There is also a danger that major funders will be reluctant to invest in future studies unless there is a strategy to ensure this does not happen again. Of course, the conduct of clinical trials must be exemplary in all respects, and subjected to open scrutiny at all times, and all ethical and research governance requirements followed, but this was the case with COAST. So what went wrong? The answer here may not only lie in the clinical trial itself but also the fundamental role of global health researchers and the management of the collaborations as well as engagement of local communities and stakeholders that participate in the trials. Strategies to engage a broader range of stakeholders including Northern and Southern collaborators, clinicians, and community members in the research design are critical.[17-19] The engagement of the wider community and population to understand science and the complexities of trial design and scientific research has been starkly brought to the fore with COVID-19 and vaccines. The infodemic around COVID-19 and the tension of societal engagement with science and social media poses have been highlighted.[20] This really worrying trend is also exhibited across the world by increasing numbers of politicians who are apparently truth blind, believing that what they want to be true in the face of the evidence.
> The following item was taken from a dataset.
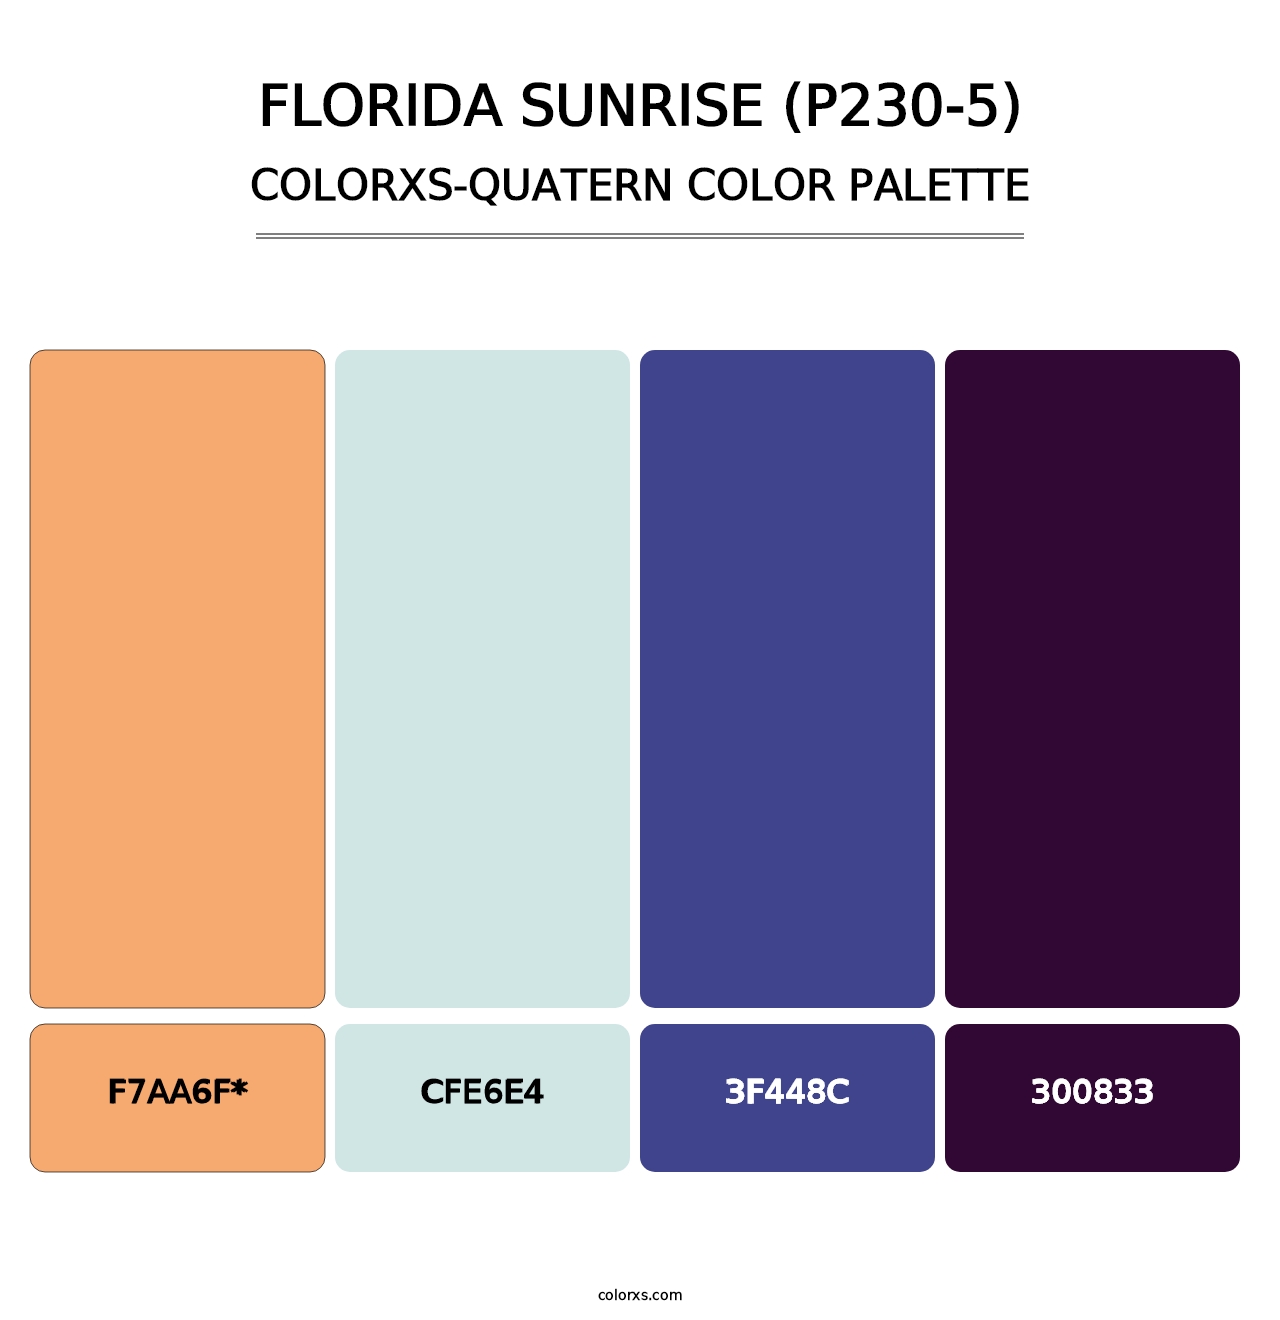 Florida Sunrise (P230-5) - Colorxs Quad Palette

The pressing question to us all, everywhere in the world is, do we want our clinical practice and research to be informed by science or social media.

In the case of COAST, no Data Safety Monitoring Board would have halted the study given the interim results. Independent investigations by a range of medical bodies found that the trial was being conducted to the highest standards and that independent interim analyses had indicated no evidence of harm (see published COAST supplemental file for details).[11] Ethics and regulatory committees supported this view. In addition, National Paediatric Associations in Kenya and Uganda sent letters of endorsement. Members of the Trial Steering Committee also endorsed the trial. However a lay-led campaign to stop the trial on the grounds that children were being harmed was successful. Science versus social media requires a solution, and the best solutions will vary across the world. What is the African solution? This is for Africa to find, but one part of the solution could be the Pan-African Thoracic Society (PATS). The European Research Society will scrutinize and endorse pragmatic clinical trials; is there a role for PATS to scrutinize and endorse appropriate research in the respiratory field in Africa? Such an endorsement, with the authority of the society behind it, could greatly strengthen the hands of all those doing research in Africa, both from the continent and abroad, and provide reassurance that senior African researchers and clinicians are right behind the work. Such an approach could certainly reassure external funders.

High-quality, policy changing trials have been conducted in Africa in critically sick children, supported by approvals from the relevant ethics and regulatory boards, and resulted in guideline changes that have led to the saving of thousands of lives of African children.[12,21] If COAST had been able to deliver its objectives within the timeframe and funding window available, the tantalizing preliminary findings may have provided evidence for refinement of current guidelines. Nevertheless, another trial is now required to provide confirmation or otherwise of these findings. Finally, African children need evidence-based treatment, the search for which includes being able to challenge dogma in studies which are both ethical and conclusive.